- WHAT TO WORK ON
Without including pictures, set down every record exactly as it stands.

Extracted records:
□ □ □ □ □ □ □
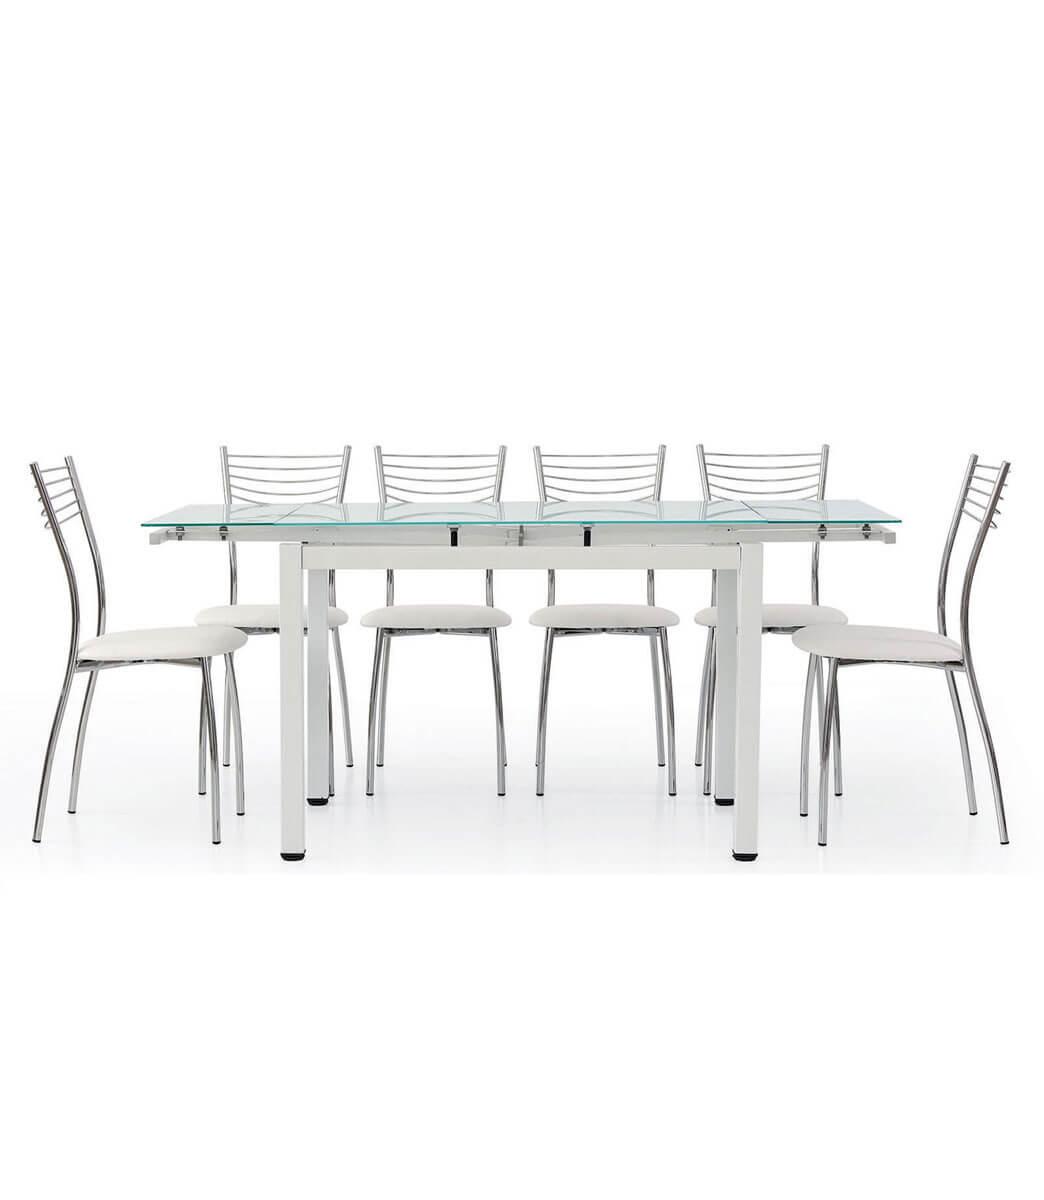 Tavolo Allungabile Moderno Cristallo.Tavolo Da Cucina Allungabile Da 6 A 8 Persone Offerta
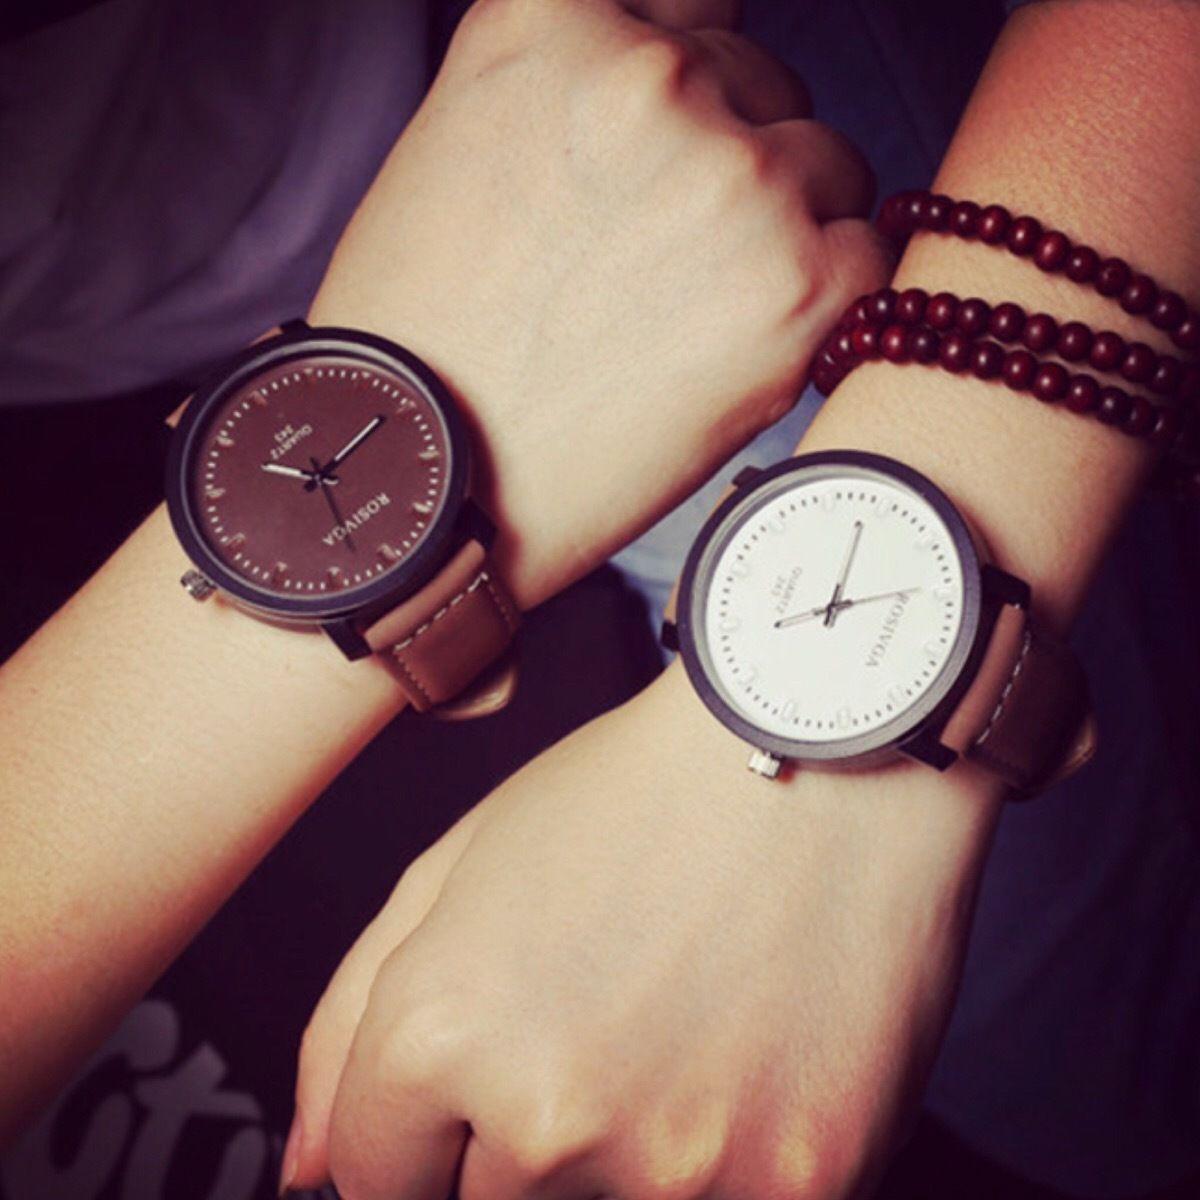 【ペア価格】シンプルペアウォッチ ブラウン×ホワイト  腕時計 メンズ レディース シンプル ギフト 人気 プレゼント 時計 おしゃれ 安い  ブレスレット カジュアル レザー
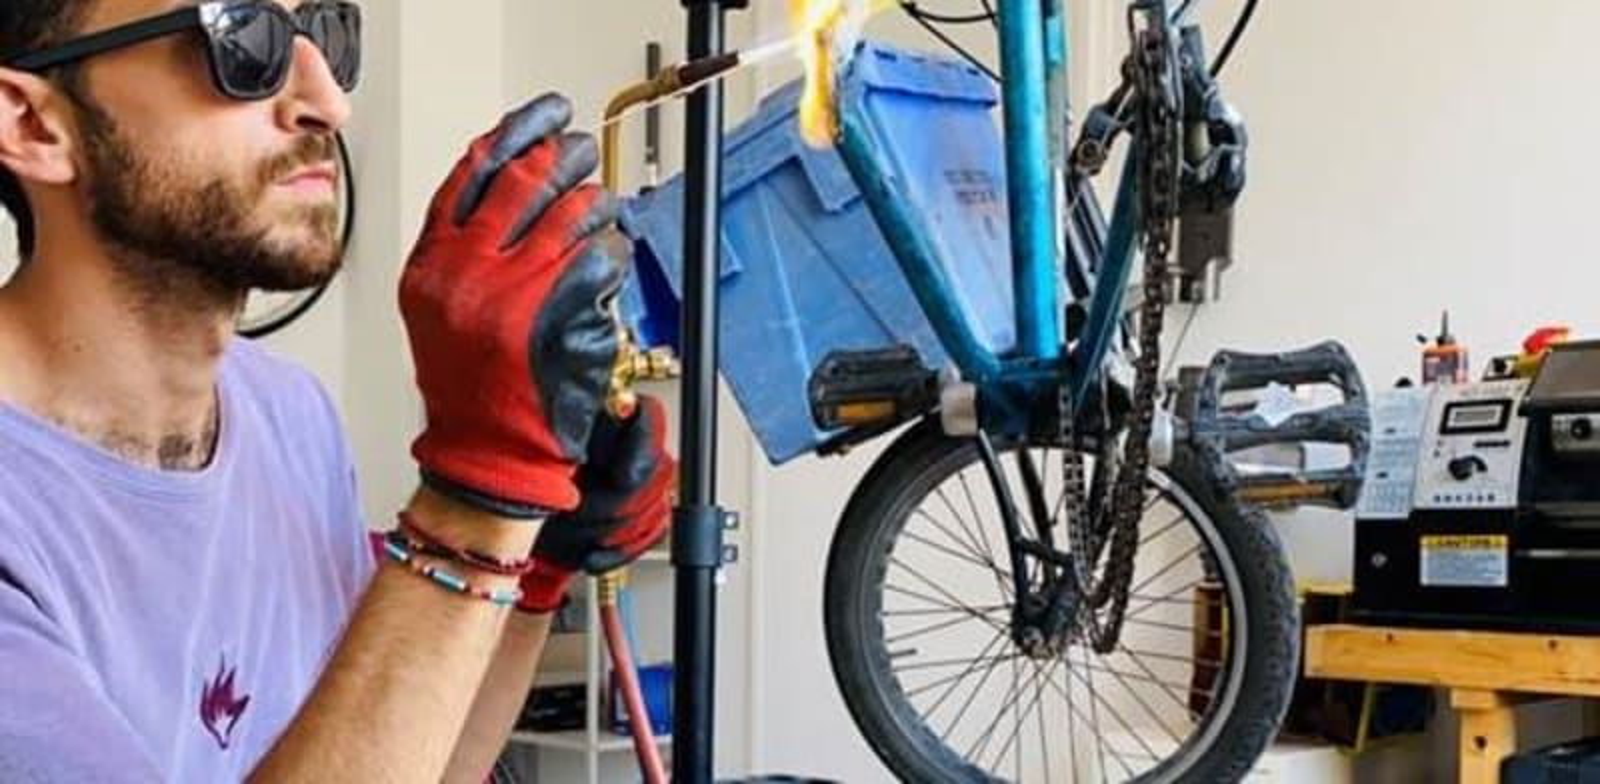 """דן סרוסי, הבעלים של מותג האופניים """"סרוסי"""" / צילום: תמונה פרטית"""
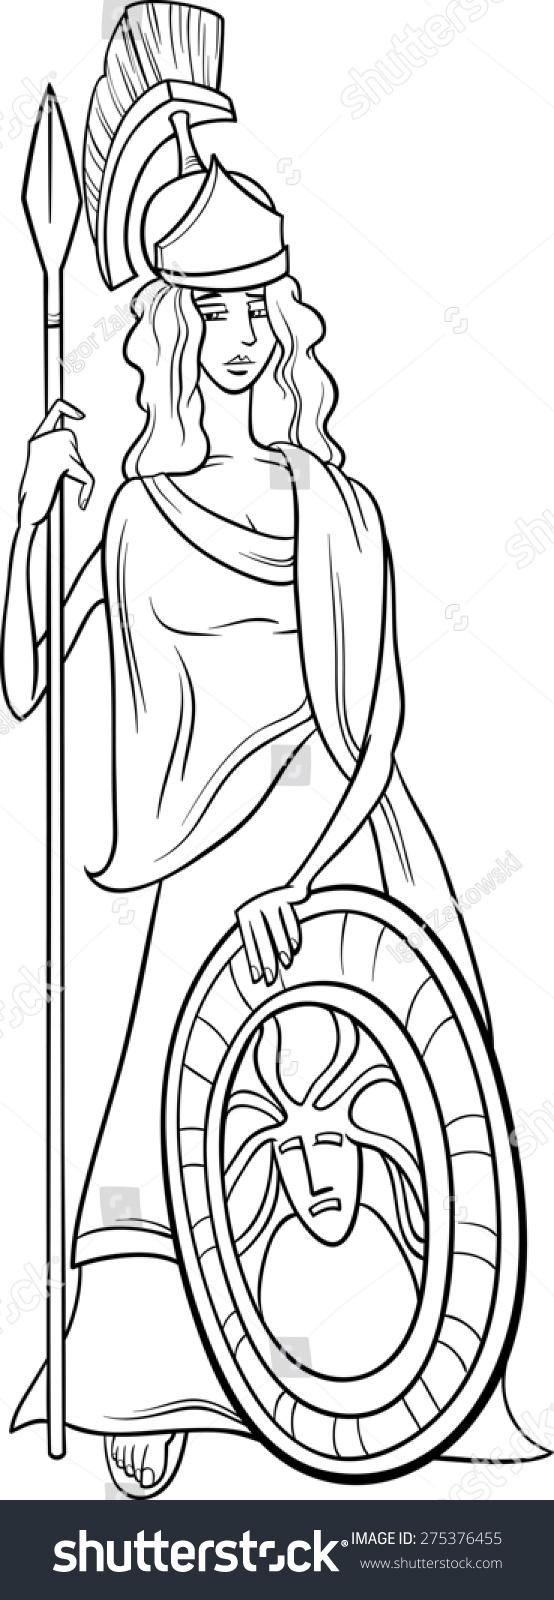 black white cartoon illustration mythological greek stock
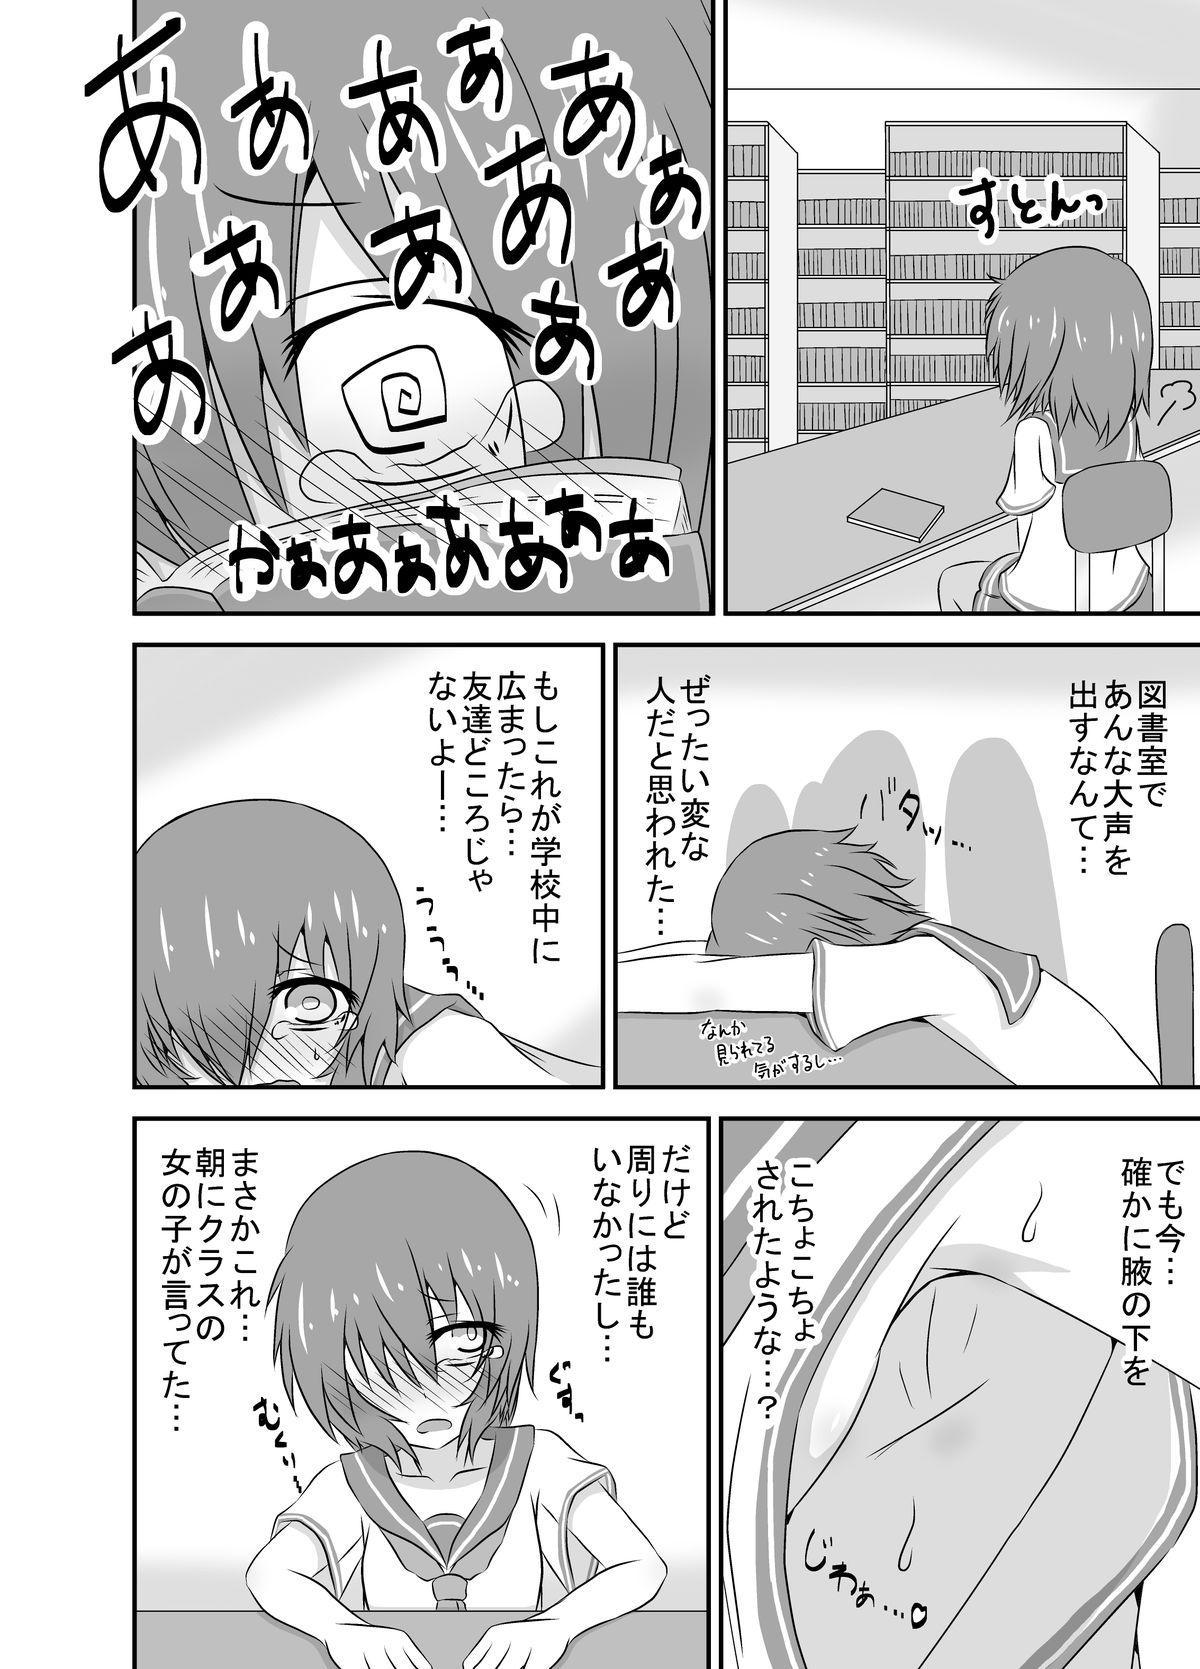 Kochokocho Okako-san! 3 6
□ □ □ □ □ □ □
- ANSWER SPACE
 Tavolo Allungabile Moderno Cristallo.Tavolo Da Cucina Allungabile Da 6 A 8 Persone Offerta
 【ペア価格】シンプルペアウォッチ ブラウン×ホワイト  腕時計 メンズ レディース シンプル ギフト 人気 プレゼント 時計 おしゃれ 安い  ブレスレット カジュアル レザー
 """דן סרוסי, הבעלים של מותג האופניים """"סרוסי"""" / צילום: תמונה פרטית"""
 black white cartoon illustration mythological greek stock
 Kochokocho Okako-san! 3 6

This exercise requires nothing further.